Me aggressive nah you got me mixed up with someone else Brian I ain't killed no one yet :roll:

Only 3 more days left to pre book folks

Jacquie


----------



## hilldweller (Mar 8, 2008)

hilldweller said:


> olley said:
> 
> 
> > Fill it in, get your Credit card out and your done. The booking fee includes the entertainment, I came close to paying for that again before
> ...


Reply to my email confirming the phone call, they have refunded the £38 I did not need to pay. Impressive service.

What a good value weekend.


----------



## LadyJ (May 9, 2005)

Glad to hear you got your money back Brian  



Only today and tomorrow left now for pre booking folks any more going to join us at Lincoln



Jacquie


----------



## eddied (May 9, 2005)

Ciao tutti, I did the same mistake booking via Website, but got 38 pounds refunded automatically.
arrivederci a Lincoln. eddied


----------



## hilldweller (Mar 8, 2008)

eddied said:


> Ciao tutti, I did the same mistake booking via Website, but got 38 pounds refunded automatically.
> arrivederci a Lincoln. eddied


Oh excellent, two plonkers in here. It's so lonely being a solo plonker.

Seriously, the sales form did encourage this mistake.


----------



## LadyJ (May 9, 2005)

LAST DAY FOR BOOKING LINCOLN FOLKS IF YOU WANT TO CAMP WITH US THERE





Jacquie


----------



## LadyJ (May 9, 2005)

Pre booking now closed for Lincoln



Jacquie


----------



## Don_Madge (May 1, 2005)

Hi Jacquie,

You get full marks for trying.  

Lets hope the weather is better this year than last.  
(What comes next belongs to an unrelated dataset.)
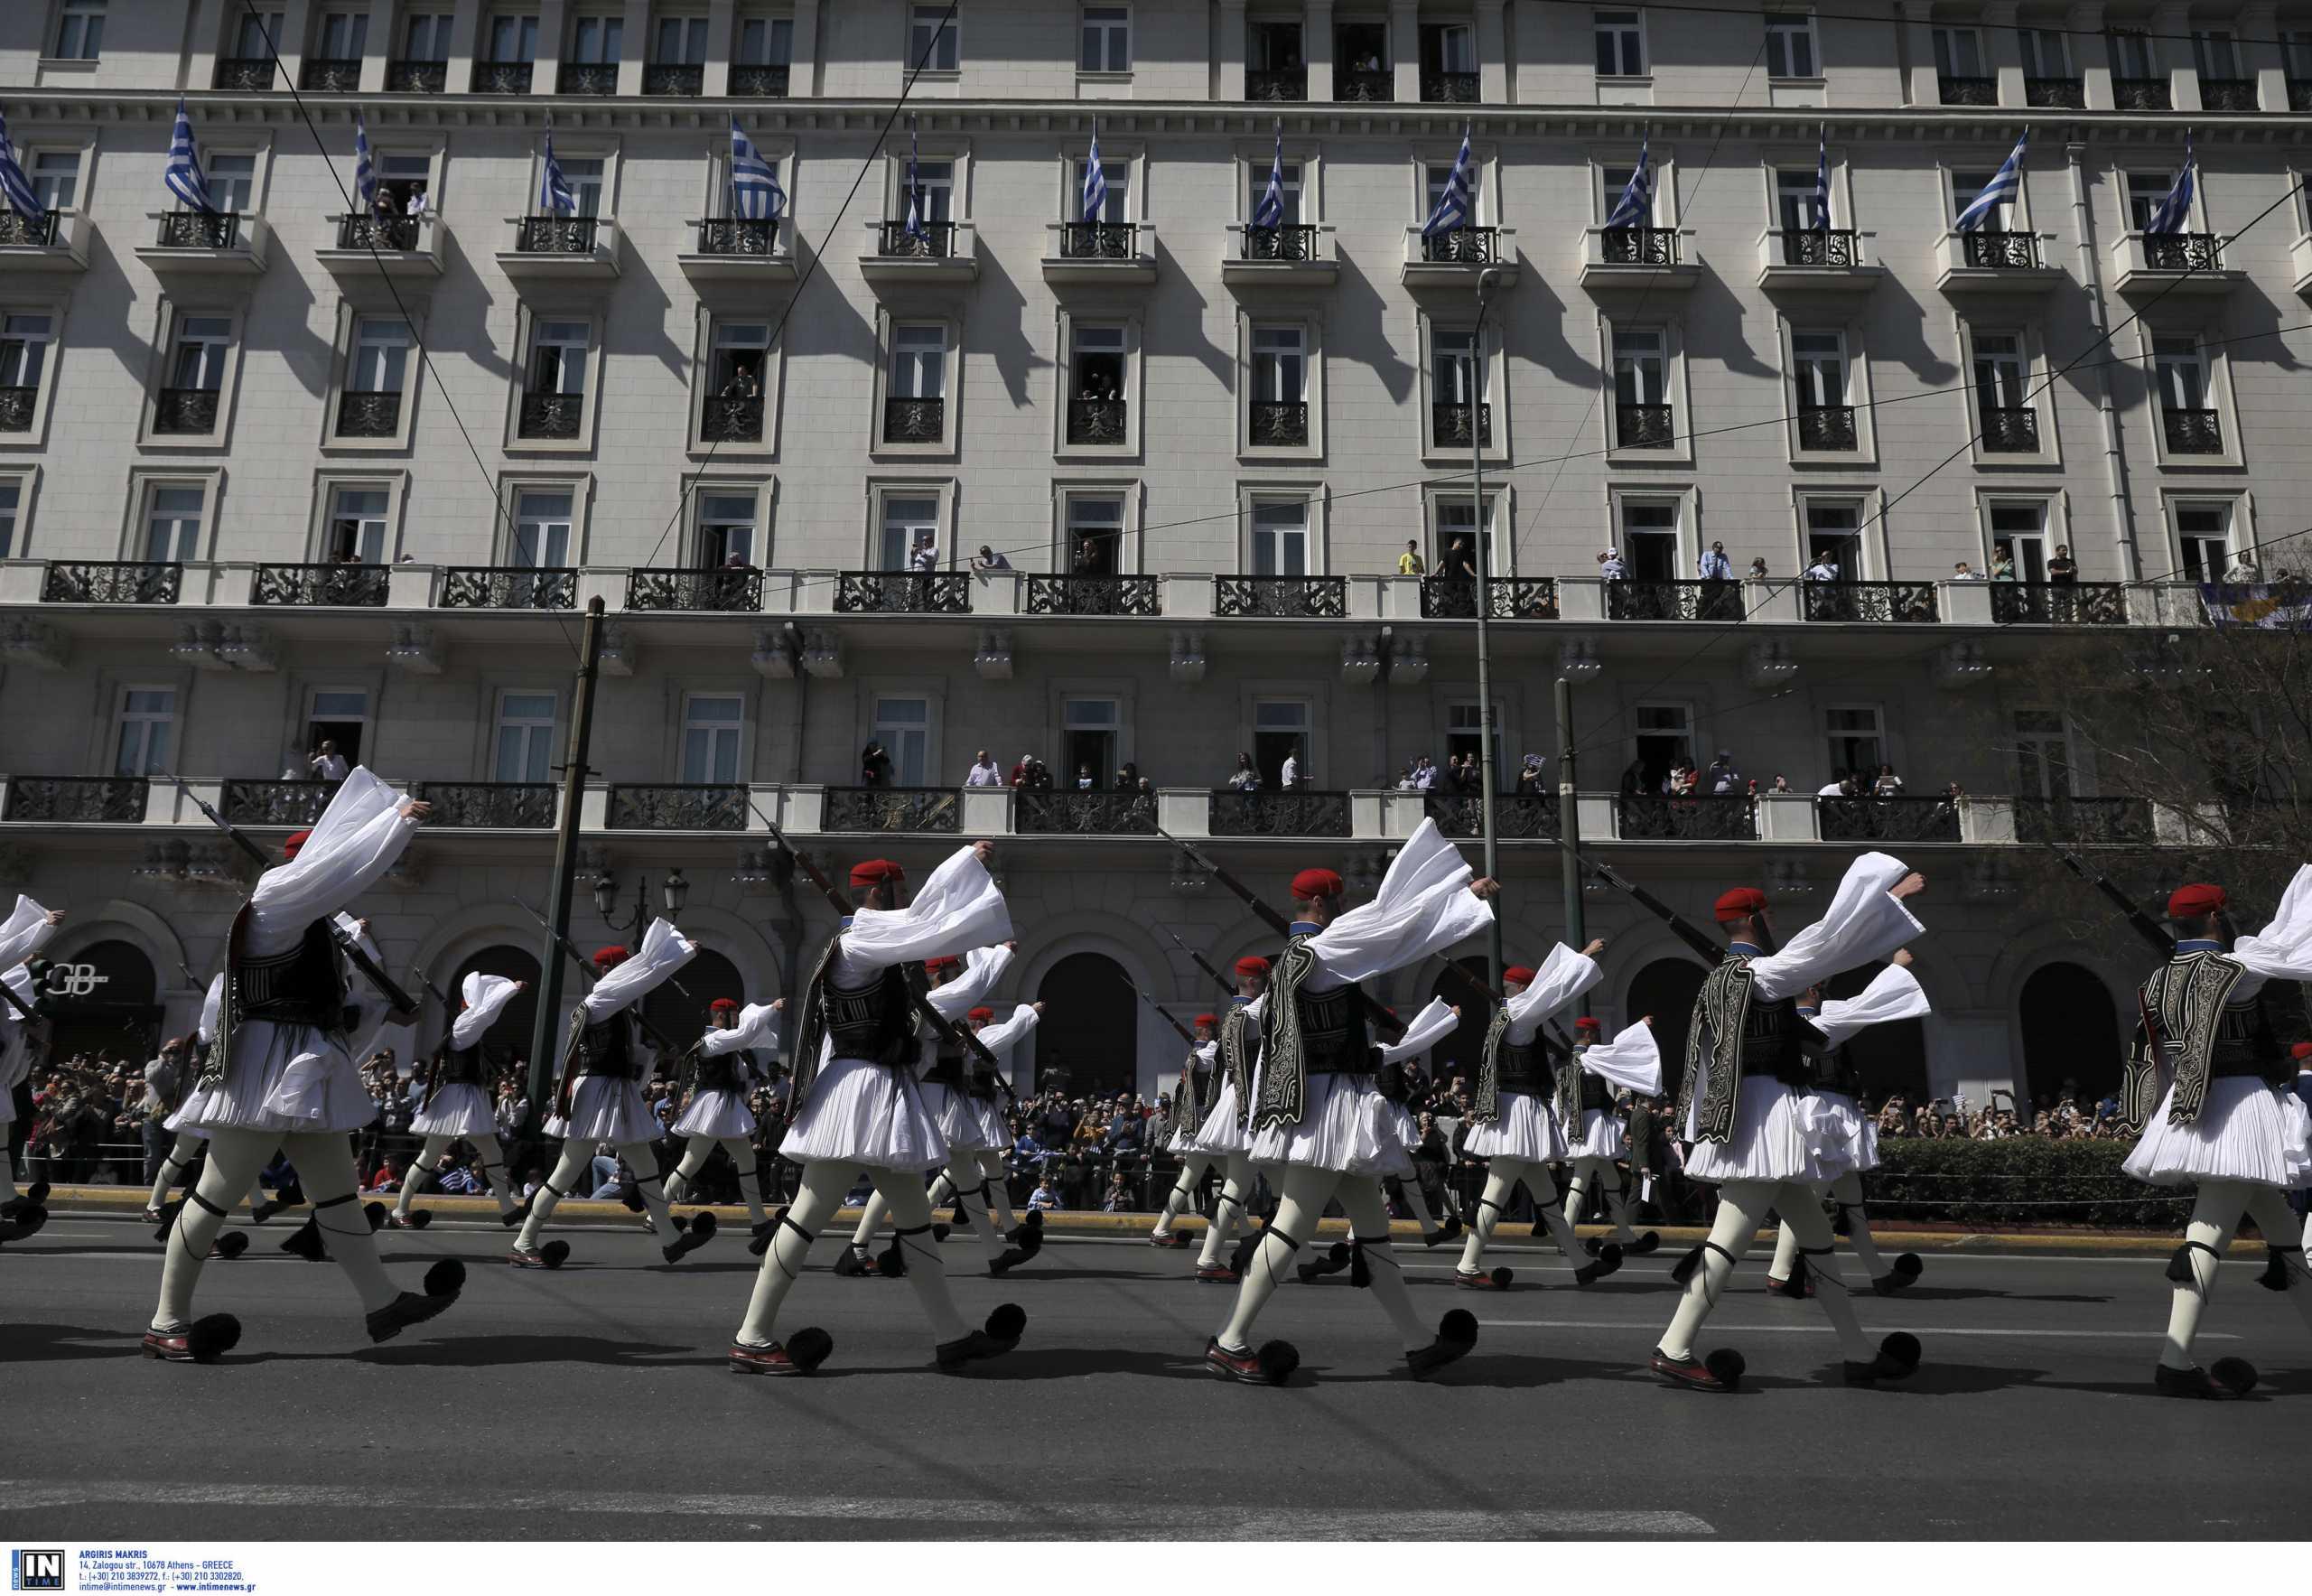 Πελώνη για 25η Μαρτίου: Δεν θα γίνουν παρελάσεις παρά μόνο η στρατιωτική

I've been through the rally list and there's a couple of members (Olley & Eddied) that I've been wanting to meet for some time, it will be nice to put a face to a name.

Don


----------



## LadyJ (May 9, 2005)

Don Madge said:


> Hi Jacquie,
> 
> You get full marks for trying.
> 
> ...


Thanks Don its been a hard slog with this one this year, think this will be our smallest show rally yet since we started doing them :roll: still at least I will be able to remember who's who hopefully :lol:

As you say I do hope the weather will be kind to us this year as its a nice show in good weather.

Jacquie


----------



## asprn (Feb 10, 2006)

LadyJ said:


> As you say I do hope the weather will be kind to us this year as its a nice show in good weather


Jacquie,

Whereabouts on the showground will the group be pitched? I'm working 07:00 - 17:00 on the Friday and 17:00 - 03:00 on the Saturday & Sunday, so will be able to drop in at some stage on you. I guess you'll be rather distracted on Saturday evening though.

Dougie.


----------



## LadyJ (May 9, 2005)

Hi Dougie,

I'm only the marshal and as yet not received me tickets so I have no idea where we will be pitched :roll: all depends on the weather as we are not always where we should be :roll: best to ring me when you arrive 0786 767 8505


Jacquie


----------



## Don_Madge (May 1, 2005)

LadyJ said:


> Hi Dougie,
> 
> I'm only the marshal and as yet not received me tickets so I have no idea where we will be pitched :roll: all depends on the weather as we are not always where we should be :roll: best to ring me when you arrive 0786 767 8505
> 
> Jacquie


Hi Jacquie,

This is this years planned layout.










Don


----------



## LadyJ (May 9, 2005)

Thanks Don all change again then this year :roll: or am I reading the map wrong?


Jacquie


----------



## Don_Madge (May 1, 2005)

Jacquie,

The exhibition area is back in its usual place after last years floods.  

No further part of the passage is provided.